Experimental and numerical simulation study on the integrated thermal management system for electric vehicles

Abstract

Battery thermal management technology can realize the orderly management of heat, which is an important way to improve the safety and lifespan of batteries in electric vehicles (EVs). Herein, we propose an integrated battery thermal management system (IBTMs) that it includes both heat dissipation and low-temperature heating function. In the integrated structure design, the composite phase change materials (CPCM) have a strongly heat absorbed capability due to the large latent heat, and the thin polyimide heating film (PHF) can conveniently assemble into the battery module.
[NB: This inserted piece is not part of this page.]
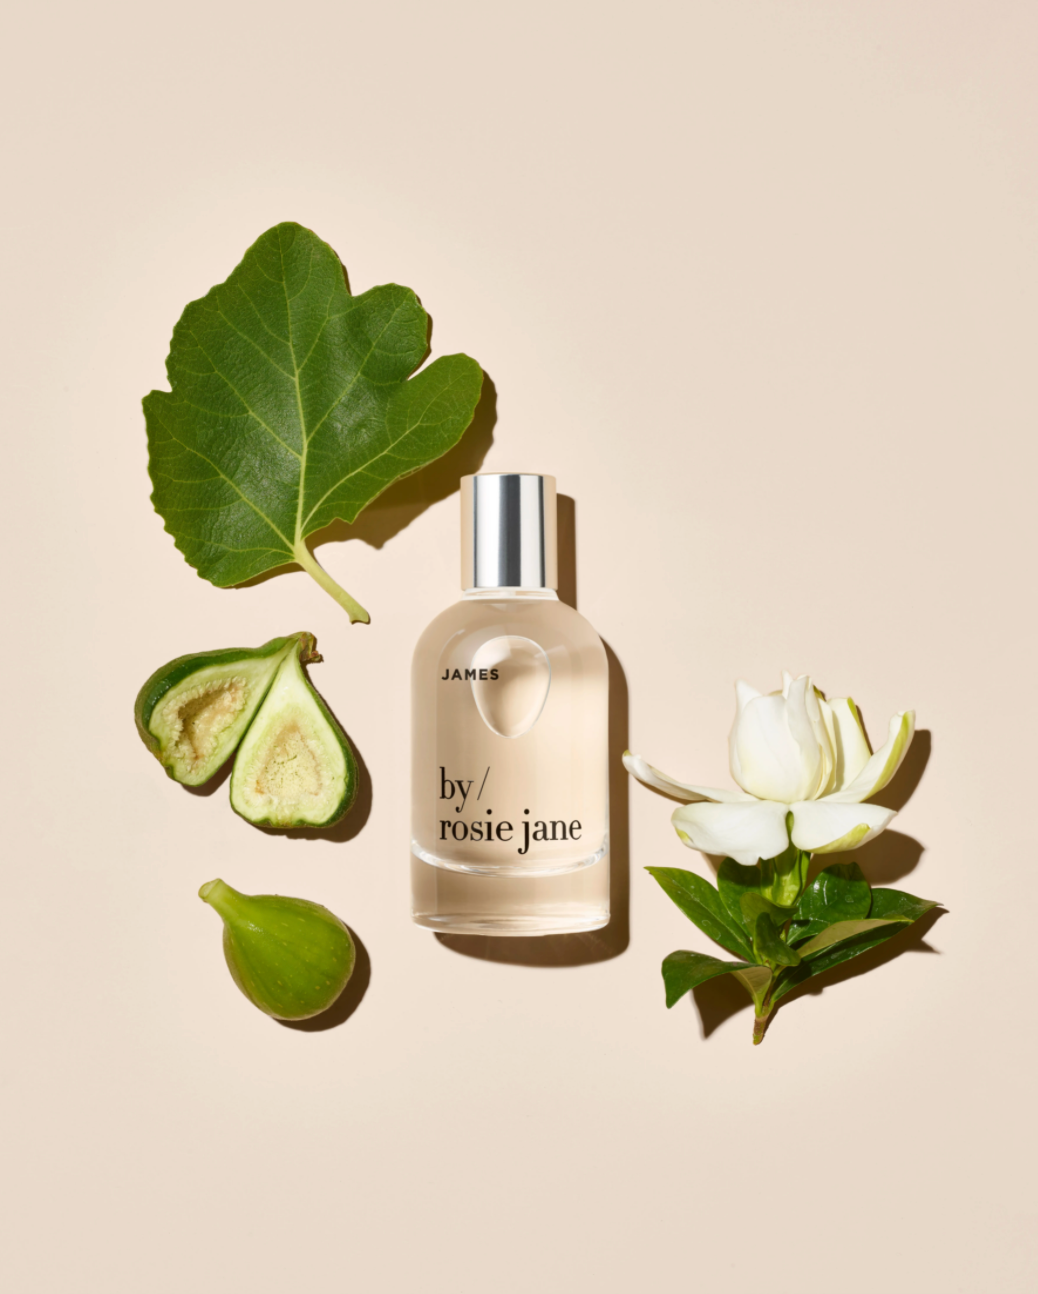 by rosie jane / eau de parfum - james

The experiment and simulation results verified that the electrochemical performance of battery module can be achieved an excellent recoverable when employed a heating strategy of continuous pulse warm-up combined with battery at low-power self-preheating. Compared with the normal temperature of 10 °C, the capacity of battery module of charge and discharge is recovered to 92.1 % and 93.3 %, respectively. Besides, the heat dissipation performance tests result also show that the IBTMs has an excellent temperature control and uniform capability. The maximum temperature and maximum temperature difference of battery module is always controlled within 52 °C and 1.8 °C respectively, even if the battery module is continuously cycled 5 times with 2C-1C test protocol at extremely high temperature of 40 °C.